As we begin 2023, museums in Austin and San Antonio, including The Contemporary Austin, the Mexic-Arte Museum, the Blanton Museum of Art, the San Antonio Museum of Art, and Ruby City, have announced a handful of major exhibitions that will open throughout the spring.
On March 3, The Contemporary Austin will debut two new exhibits, which each run until August 20. Eamon Ore-Giron: Competing With Lightning/Rivalizando Con El Relámpago will feature paintings made over the past twenty years by artist, musician, and DJ Eamon Ore-Giron. According to the bio on his website, Mr. Ore-Giron’s abstract paintings reference “indigenous and craft traditions, such as Native American medicine wheels and Amazonian tapestries, as well as 20th-century avant-gardes, from Russian Suprematism to Latin American Concrete Art.” Born in Tucson, Arizona, he has a BFA from the San Francisco Art Institute and an MFA from the University of California, Los Angeles. The exhibition was curated by Miranda Lash of the Museum of Contemporary Arts Denver, where it premiered last year. Contemporary Austin curator Julie Le is organizing the Texas version of the show.
In the Contemporary’s other new show, Mexico City-based collaborative duo Celeste (María Fernanda Camarena and Gabriel Rosas Alemán) will present works from their cross-disciplinary practice which, according to the Contemporary’s website, “conducts a negotiation that expands concentrically in order to gradually encompass other collaborators and spectators within the workings of an intimate exchange.” The museum goes on to announce that the exhibition will bring viewers in contact with “transient moments of proximity and familiarity,” which blur “the commonplace structures that define how artworks can be appreciated or how museums can function as physical and social spaces.”
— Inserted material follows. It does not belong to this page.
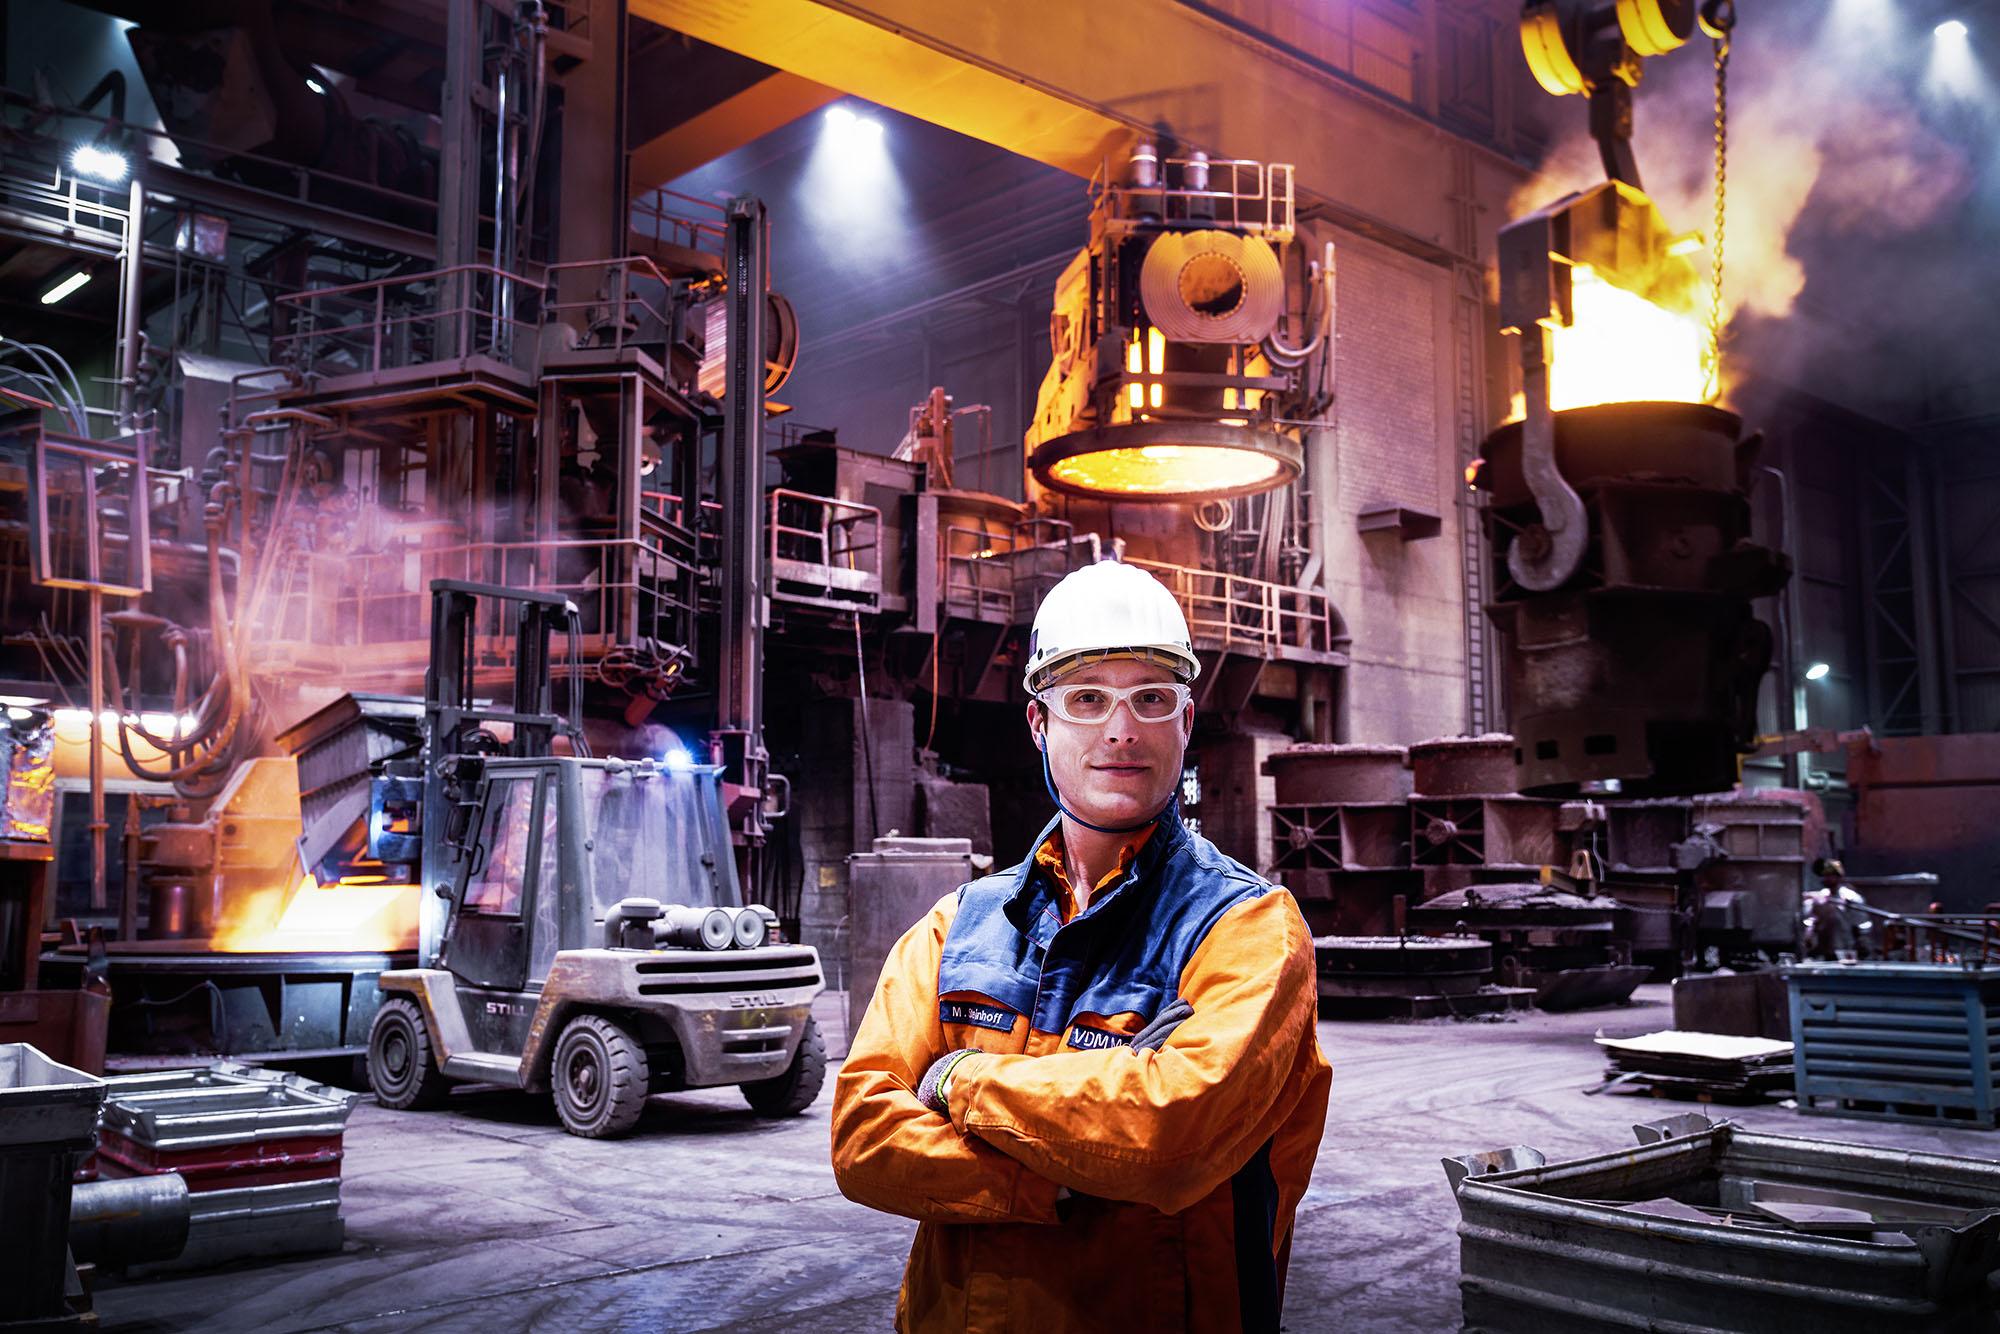 wolfram-schroll_Industriefotografie_vdm19_10

The duo’s Instagram shows off examples of some of their recent projects, mostly large-scale installations of works on fabric harmonizing with exterior and altered interior spaces. The show in Austin will follow a London exhibition, A Portable Landscape, which will run through online art collecting platform Canopy Collections at Wing Gallery later this month.
Just a bit down the road, the Mexic-Arte Museum has its own host of shows opening this spring. This year’s rendition of Totally Cool Totally Art, the Mexic-Arte’s annual student exhibition, is up first. That show, which has been recurring at least since Glasstire first mentioned it in 2009, is presented in conjunction with the City of Austin Parks and Recreation Department and features a cross-media array of artworks from local middle and high schoolers. The exhibition opens on February 14 and runs through February 28.
Next is Mix ‘n’ Mash: Alimento para el alma / Food for the soul, which opens on March 3. Another recurring show, formerly titled just Mix ‘n’ Mash, this is an art sale fundraiser for Mexic-Arte, where participating artists receive a 40% commission from the sale of their works. The theme this year is food, which the museum states “has as much creative potential as any traditional media (painting, drawing, sculpting, etc.).” Artists who wish to participate in the show can find a call for entries, complete with instruction, on the museum’s website. Each work in Mix ‘n’ Mash will be made on a 12 by 12-inch piece of gessoboard that was donated by Ampersand Art Supply. The show will be on view from March 3 through 19.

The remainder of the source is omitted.